* _Exercise aim_: Reproduce the listing word for word, leaving every picture behind.

* _Collected data_:
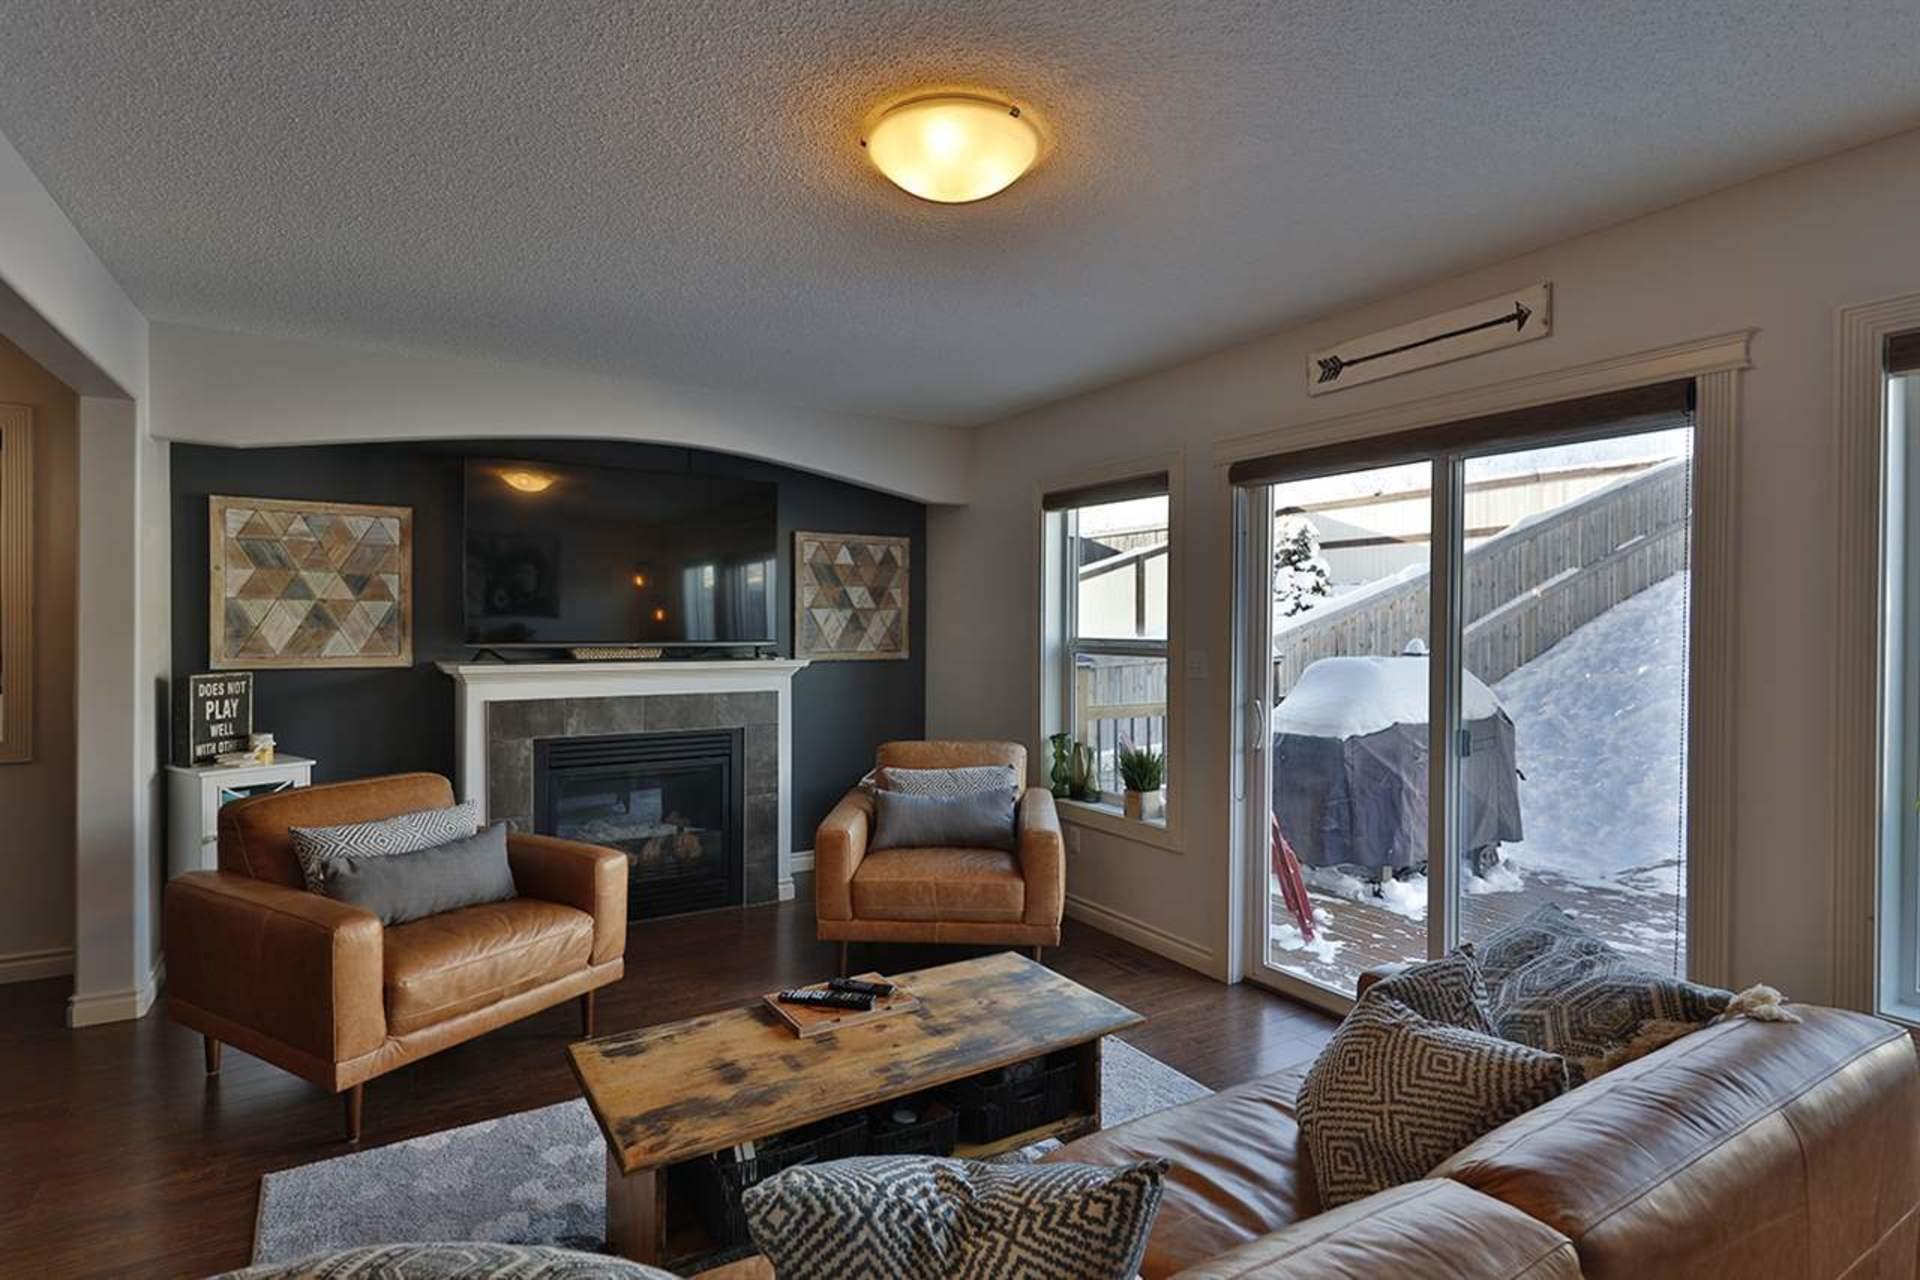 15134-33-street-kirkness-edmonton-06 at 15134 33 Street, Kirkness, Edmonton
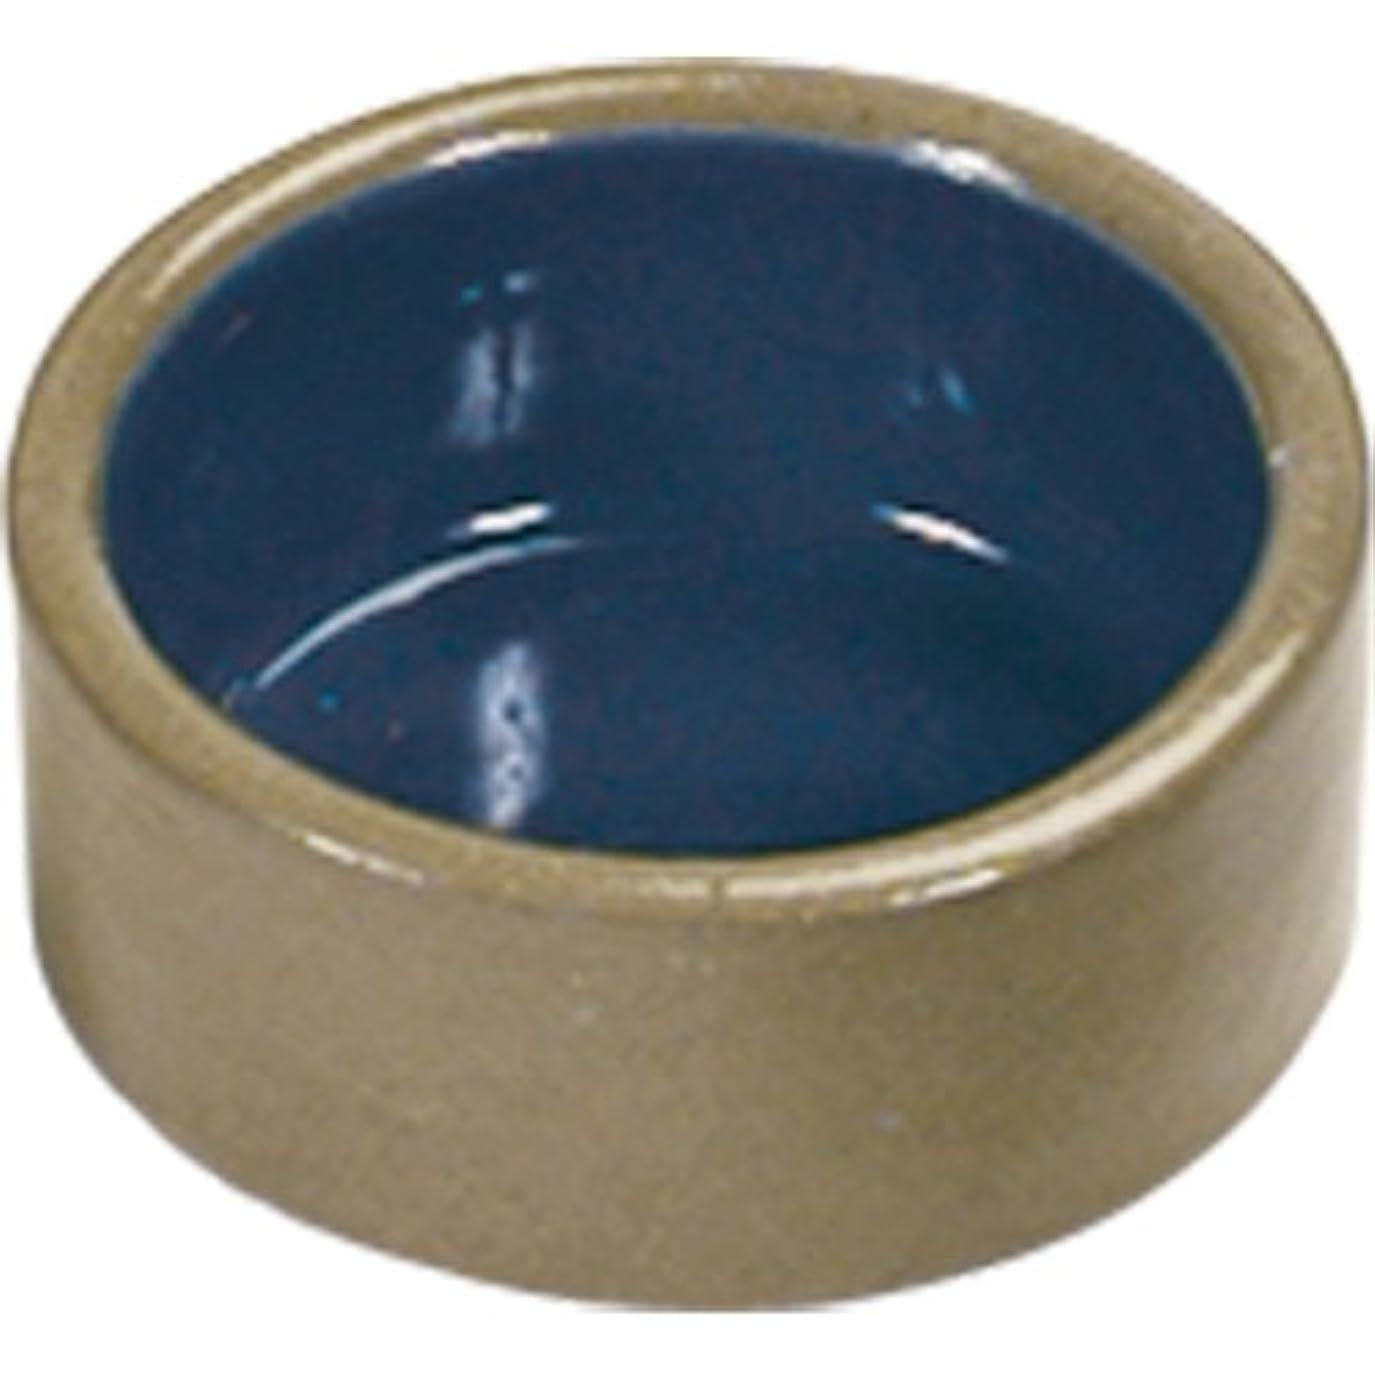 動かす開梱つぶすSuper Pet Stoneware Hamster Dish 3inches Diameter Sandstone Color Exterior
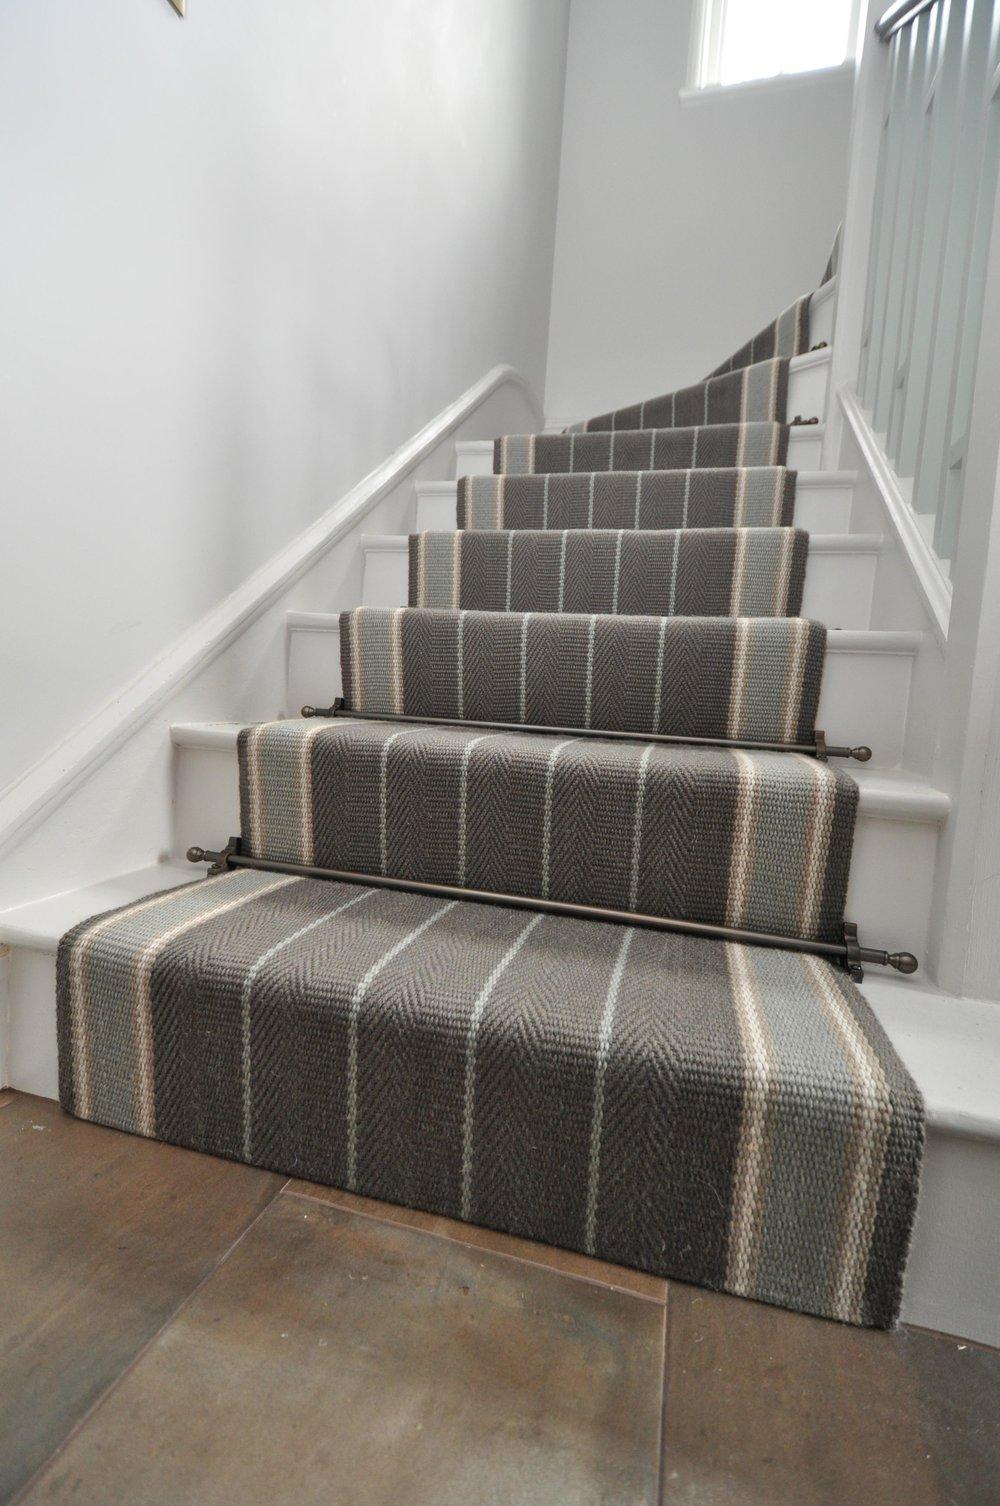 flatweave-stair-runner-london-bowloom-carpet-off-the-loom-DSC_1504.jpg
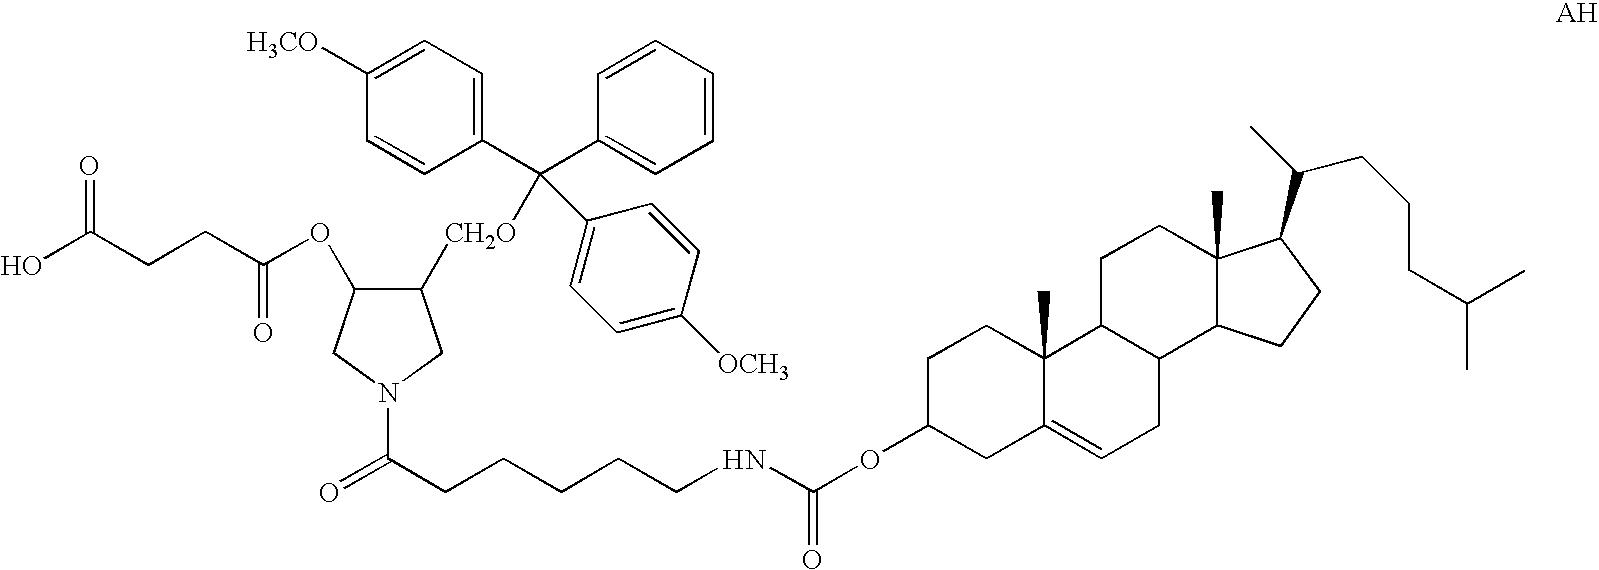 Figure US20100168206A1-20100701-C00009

* _Solution to this task_:
 15134-33-street-kirkness-edmonton-06 at 15134 33 Street, Kirkness, Edmonton
 動かす開梱つぶすSuper Pet Stoneware Hamster Dish 3inches Diameter Sandstone Color Exterior
 flatweave-stair-runner-london-bowloom-carpet-off-the-loom-DSC_1504.jpg
 Figure US20100168206A1-20100701-C00009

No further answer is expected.